Хозяин не задал ни вопроса, откуда она пришла и где научилась – когда подсказывала местные названия трав или их сочетания. Он ни разу не оборвал ее на слове совета, если она осмеливалась, хотя и выслушивал с усмешкой на губах. Казалось, она забавляла его – не как женщина, но как курьезное проявление воли Творца, спущенное на землю в женском обличье. И ни разу не посягнул на то самое обличье, ибо жил монахом – и в плане распорядка дня, и в смысле отсутствия в доме женской руки. Это показалось бы Джен странным, если бы не вызывало такого чувства облегчения и благодарности в ней самой. Будь в доме хозяйка, ей не задержаться бы здесь и пяти минут – с ее-то сомнительной репутацией и бастардом; будь хозяин в этом плане похож на нормальных мужчин, ей… не задержаться бы здесь вообще. А так – что могло быть лучше? Безвестность, тьма, тишина, травы, свет масляной лампы на столе в ее каморке, сын, спящий на сундуке в углу комнатки, наконец-то растущий возле нее, не на руках кормилиц… Тишина, тьма, безвестность, и только одно, что не могла она исцелить в себе самой вот уже два года, ибо тот случай открыл в душе не только мрак смерти, но подлинный мрак ада.

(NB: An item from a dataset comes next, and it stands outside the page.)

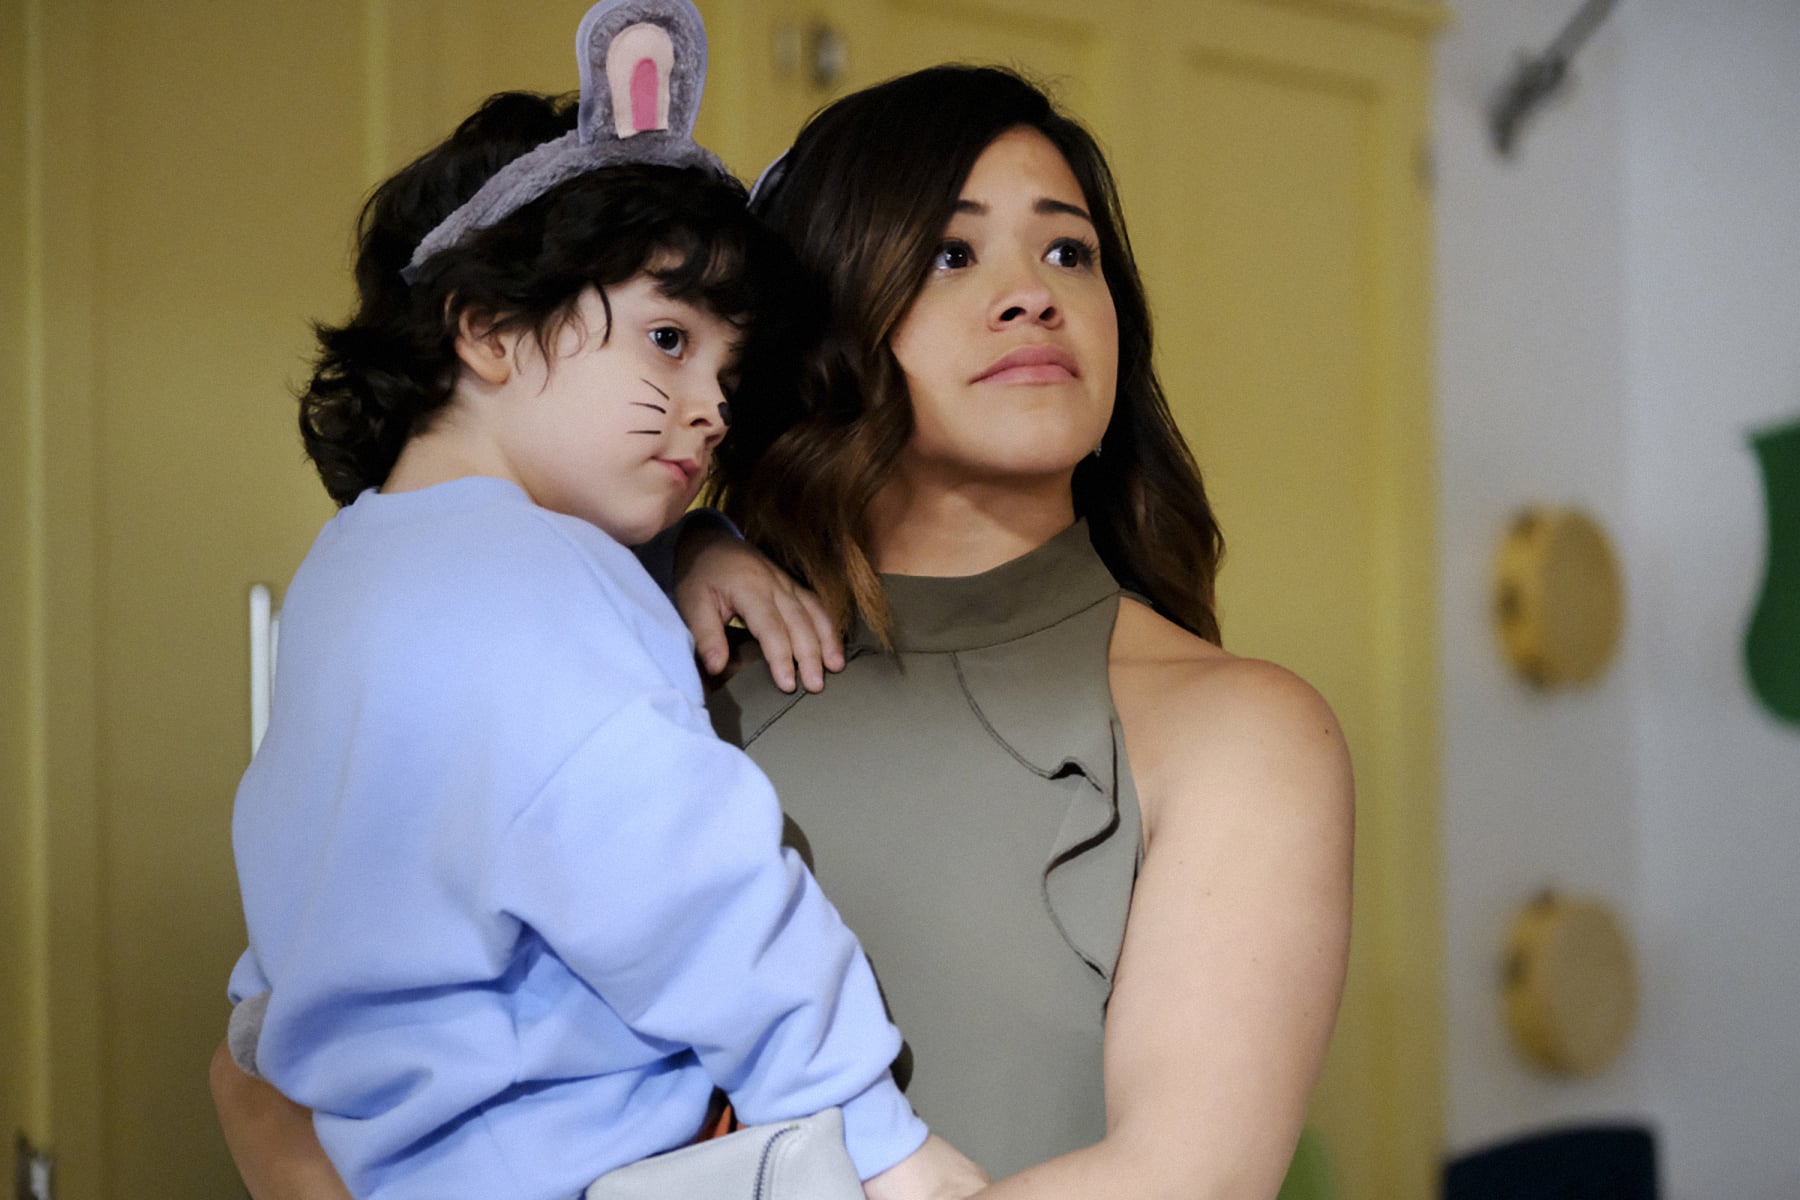 JANE THE VIRGIN, Joseph Sanders, Gina Rodriguez in 'Chapter Sixty-Three', (Season 3, Episode 319, aired May 15, 2017), ph: Scott Everett White / The CW Network / courtesy Everett Collection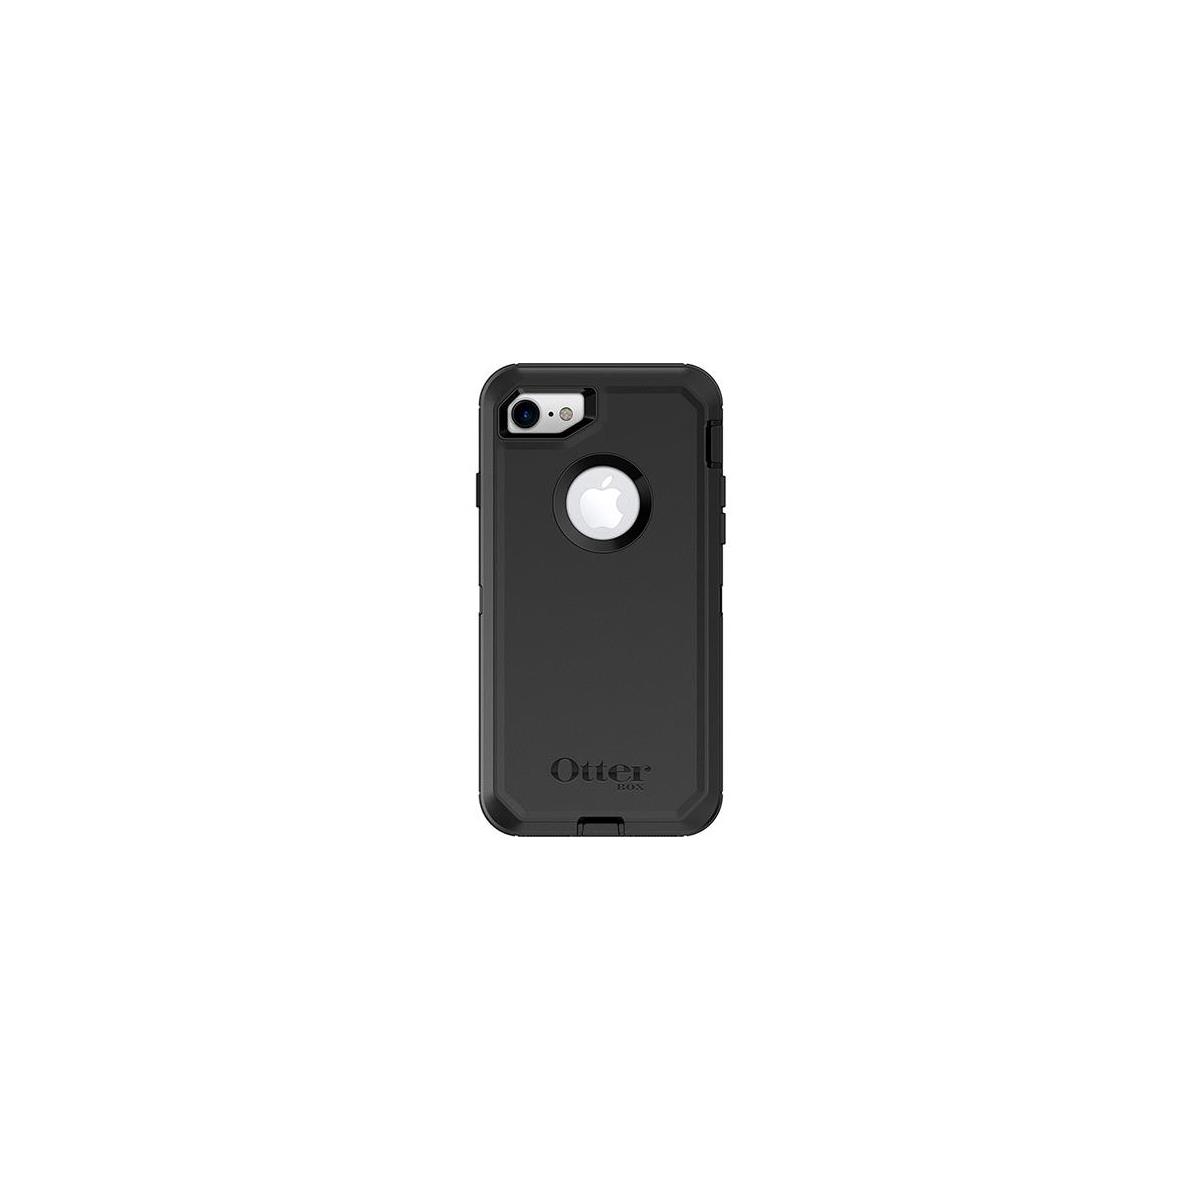 Image of OtterBox Defender Case for iPhone 7/ iPhone 8 - Black

Обычно Дженет Дуглас спасалась работой до упада или молитвой до бесчувствия, когда душа ее почти отлетала в небеса. Но иногда какое-то происшествие, незначительное само по себе, вдруг оказывало на нее действие почти фатальное. Наверное, дело в том, что человек, привезший умирающую женщину, показался ей чем-то знаком, она могла его где-то видеть. Но где? Оставив мэтра Ренье с умирающей, Джен спустилась к себе, захватив нож, ступку, пестик и мешочек с травой – стебли болиголова… их надо было очистить перед тем, как растереть. Но дело не задалось, возможно, и от усталости, хотя она справилась почти с половиной пучка. Разрезала ладонь и не заметила, мыслями улетев туда, куда всегда отбрасывала ее собственная кровь, собственное увечье. Она проваливалась в эту сцену снова и снова, всякий раз, стоило лишь ей задуматься о себе самой, не о рутине сиюминутного, не о сыне, не о вечной необходимости скрываться. Средь бела дня было еще терпимо, хуже, когда глухая полночь возвращала ей прошлое – два года назад минувшую ночь с Белокурым.
Ледяная тьма настоящего безумия, ожог от прикосновения – с первого поцелуя, когда она вздрогнула, словно от боли, под его руками. Воистину чудовищное чутье зверя в нем – равно на страх, страдание и наслаждение. И он не ошибся: при виде раскаленной кочерги, поднесенной к женской сути ее – рассказала всё, всё, и то, что напрямую знала от Питтендрейка, и то, о чем догадывалась сама, рассказала всё, кроме одного, о чем он, по счастью, и не спрашивал – своего полного имени, ибо вот то была бы настоящая смерть. Патрик Хепберн определенно не оставил бы в живых дочь Пегого Пса Дугласа, несмотря на обещание не убивать.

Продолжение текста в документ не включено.